The conductor pattern 16 includes a first pattern portion 16A, a second pattern portion 16B, and a third pattern portion 16C. The first pattern portion 16A, the second pattern portion 16B, and the third pattern portion 16C are electrically connected and may be formed integrally. The first pattern portion 16A has an extending portion (first portion) 16Aa extending along the first direction D1. The extending portion 16Aa is arranged adjacent to the extending portion 15Aa of the first pattern portion 15A of the conductor pattern 15 and is parallel to the extending portion 15Aa. The extending portion 16Aa is inductively coupled to the extending portion 15Aa of the first pattern portion 15A of the conductor pattern 15. The first pattern portion 16A forms a second signal path. The second pattern portion 16B is arranged closer to the end face 3a and the side face 3f. One end of the first pattern portion 16A is connected to the second pattern portion 16B. The third pattern portion 16C is arranged in the region between the fourth terminal electrode 7 and the fifth terminal electrode 8 in the first direction D1 when viewed in a plan view in the second direction D2.

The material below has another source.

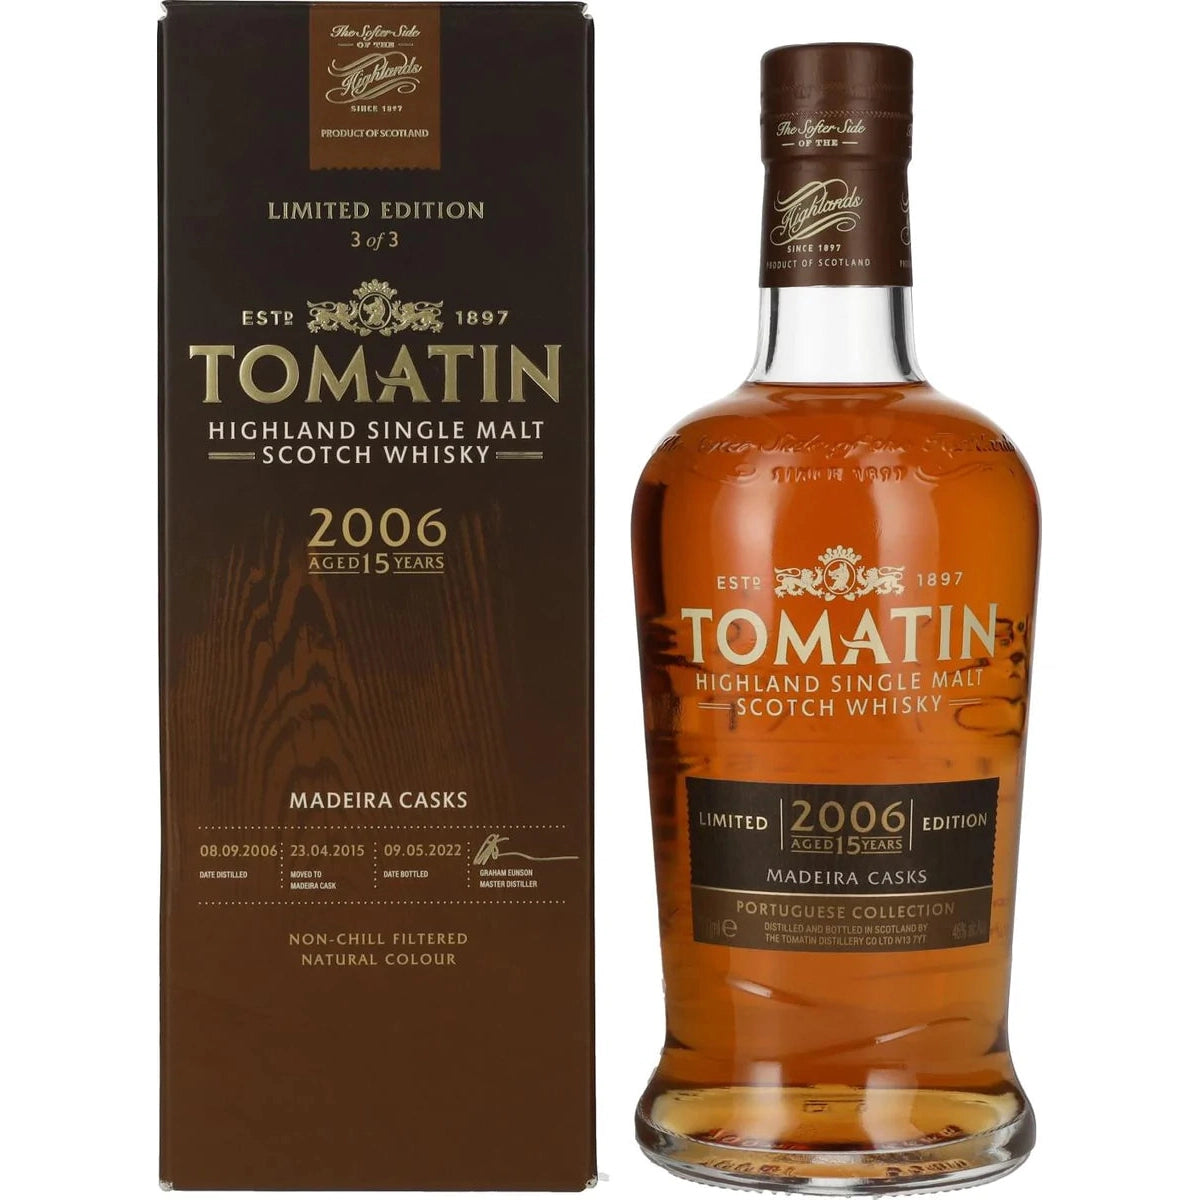 Tomatin 15 Years Old Portuguese Collection MADEIRA CASKS 2006 46% Vol. 0,7l in Giftbox

Conductor pattern 17 is positioned adjacent to conductor pattern 16. Conductor pattern 18 is positioned in a central position on the first conductor layer 10. Conductor pattern 18 includes a first pattern portion 18A, a second pattern portion 18B, and a third pattern portion 18C. A portion of first pattern portion 18A is positioned adjacent to first pattern portion 16A of conductor pattern 16.

Conductor pattern 19 includes a first pattern portion 19A and a second pattern portion 19B. First pattern portion 19A and second pattern portion 19B are electrically connected and may be formed integrally. Conductor pattern 20 includes a first pattern portion 20A and a second pattern portion 20B. First pattern portion 20A and second pattern portion 20B are electrically connected and may be formed integrally. First pattern portion 20A is positioned closer to end face 3b and side face 3e. Conductor pattern 21 includes a first pattern portion 21A, a second pattern portion 21B, and a third pattern portion 21C.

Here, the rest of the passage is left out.